- **Assigned task**: Transcribe word for word the section of the records below that opens with the line containing "Bunny Bait Stickers" and closes with the line containing "Ornamented picture frame"; drop every picture.

- **Records for this task**:

::::

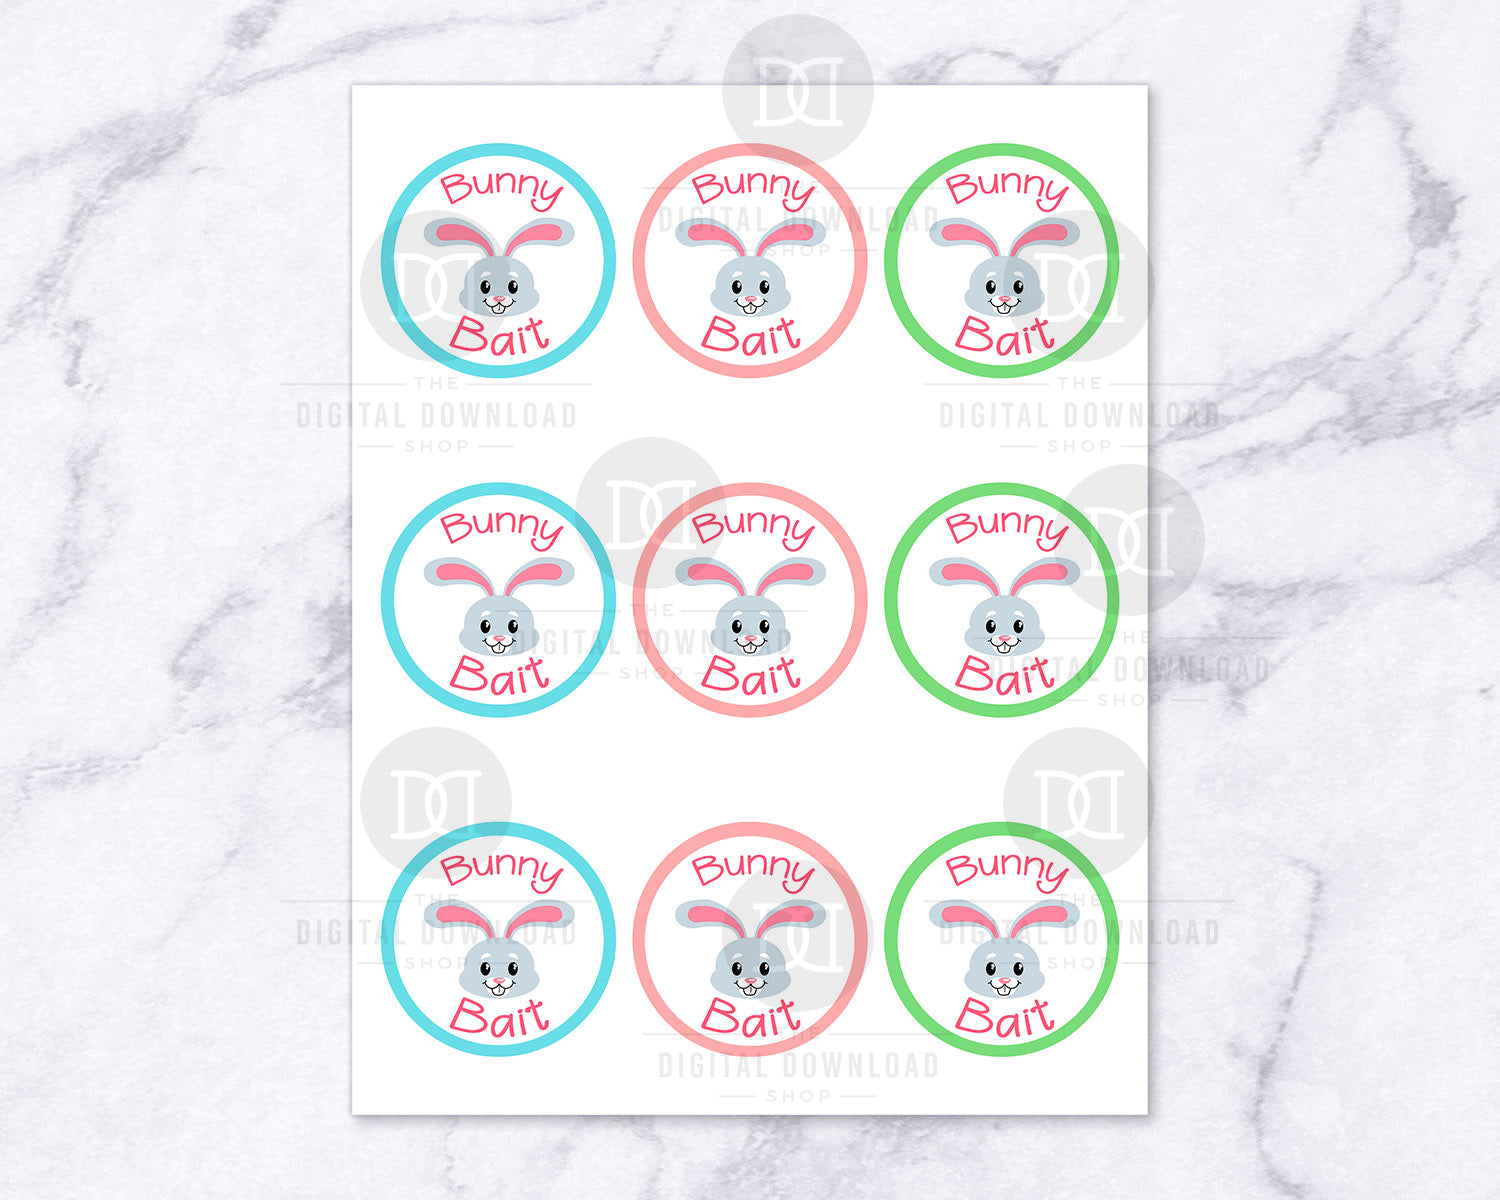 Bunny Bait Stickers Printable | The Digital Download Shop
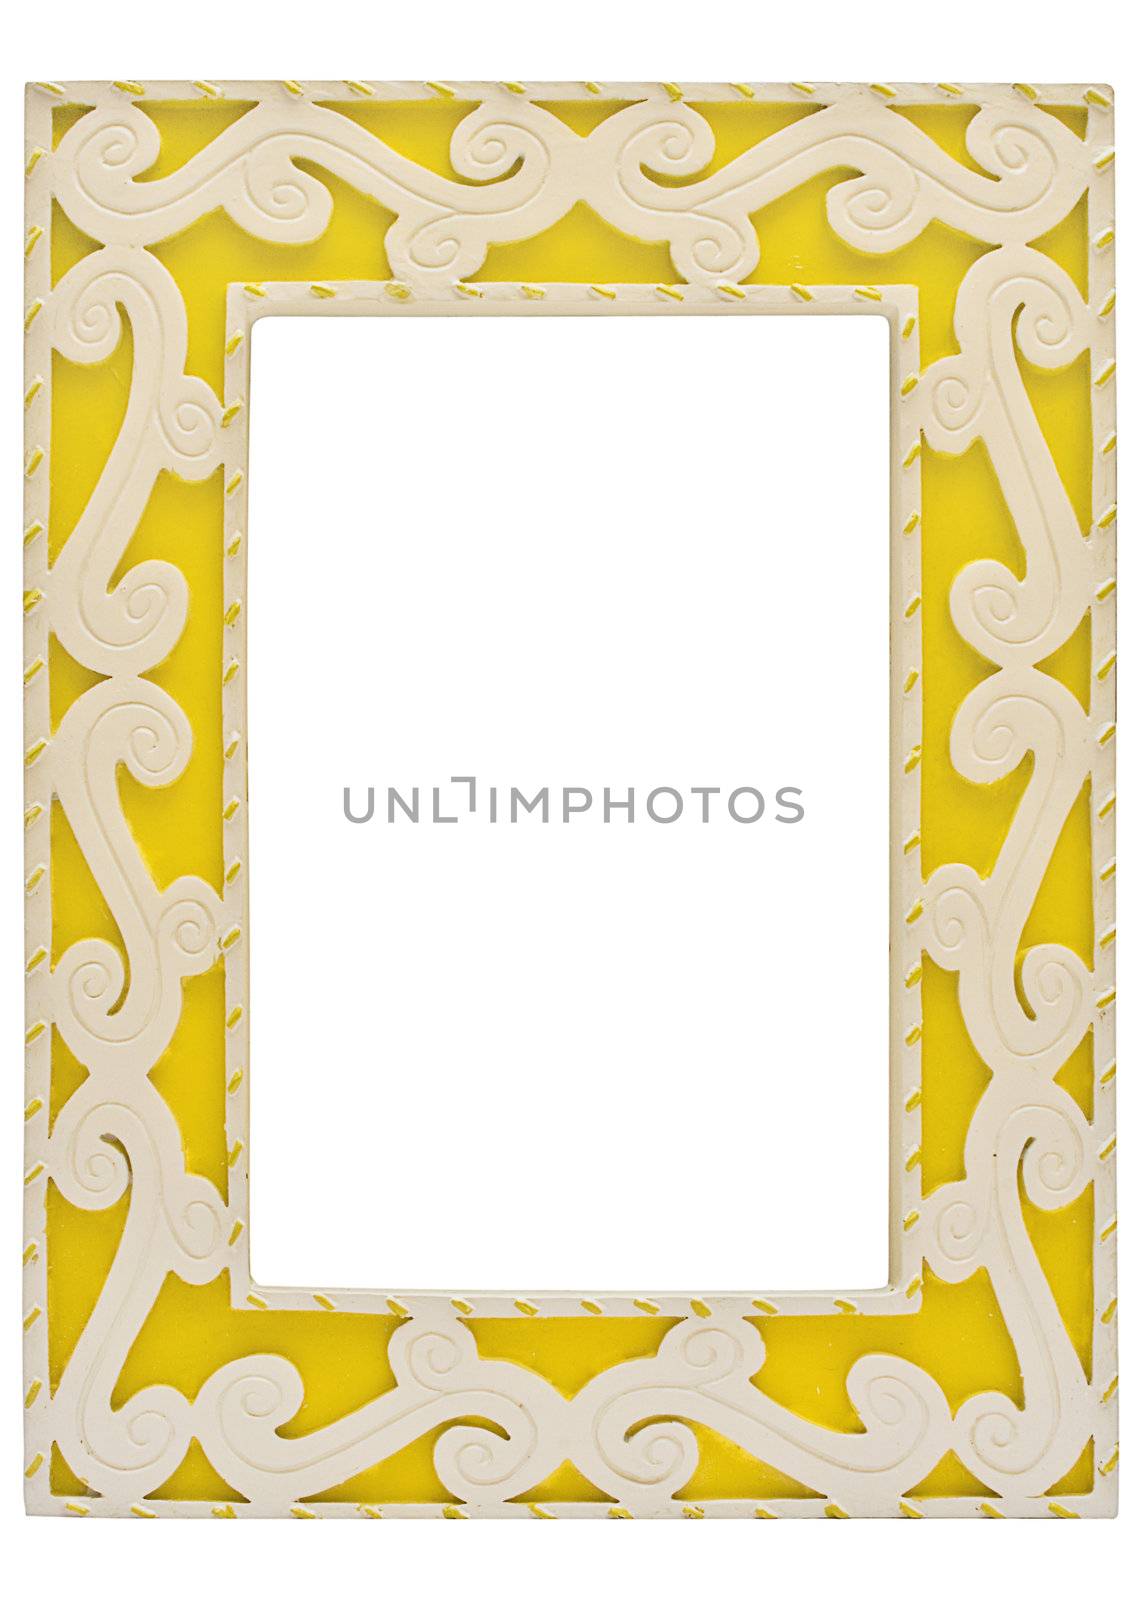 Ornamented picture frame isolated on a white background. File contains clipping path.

::::

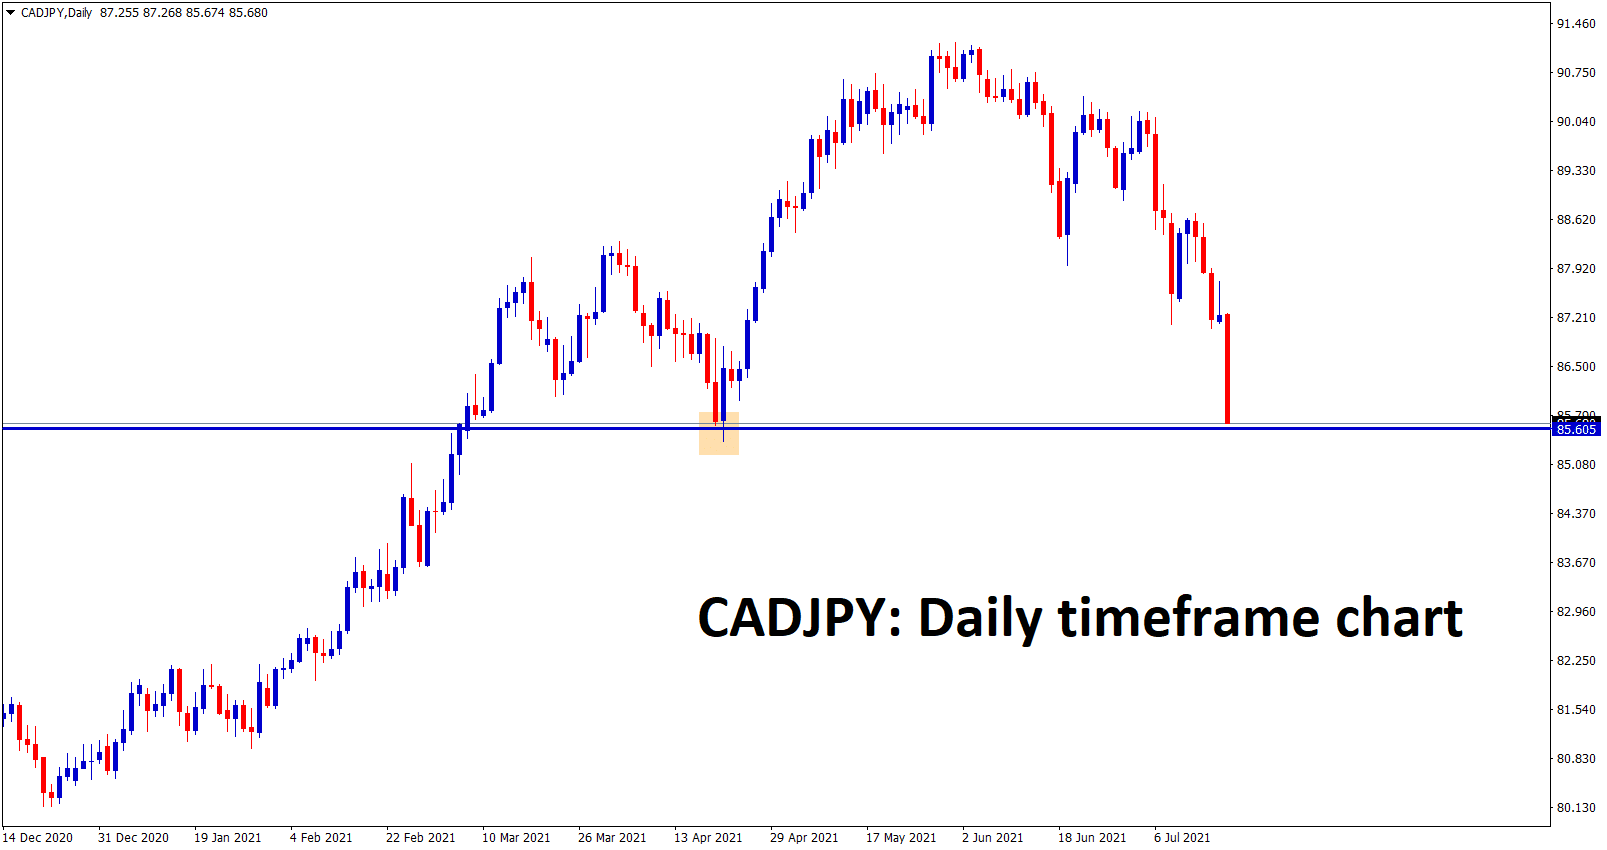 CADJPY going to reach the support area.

::::

- **Answer below**:
 Bunny Bait Stickers Printable | The Digital Download Shop
 Ornamented picture frame isolated on a white background. File contains clipping path.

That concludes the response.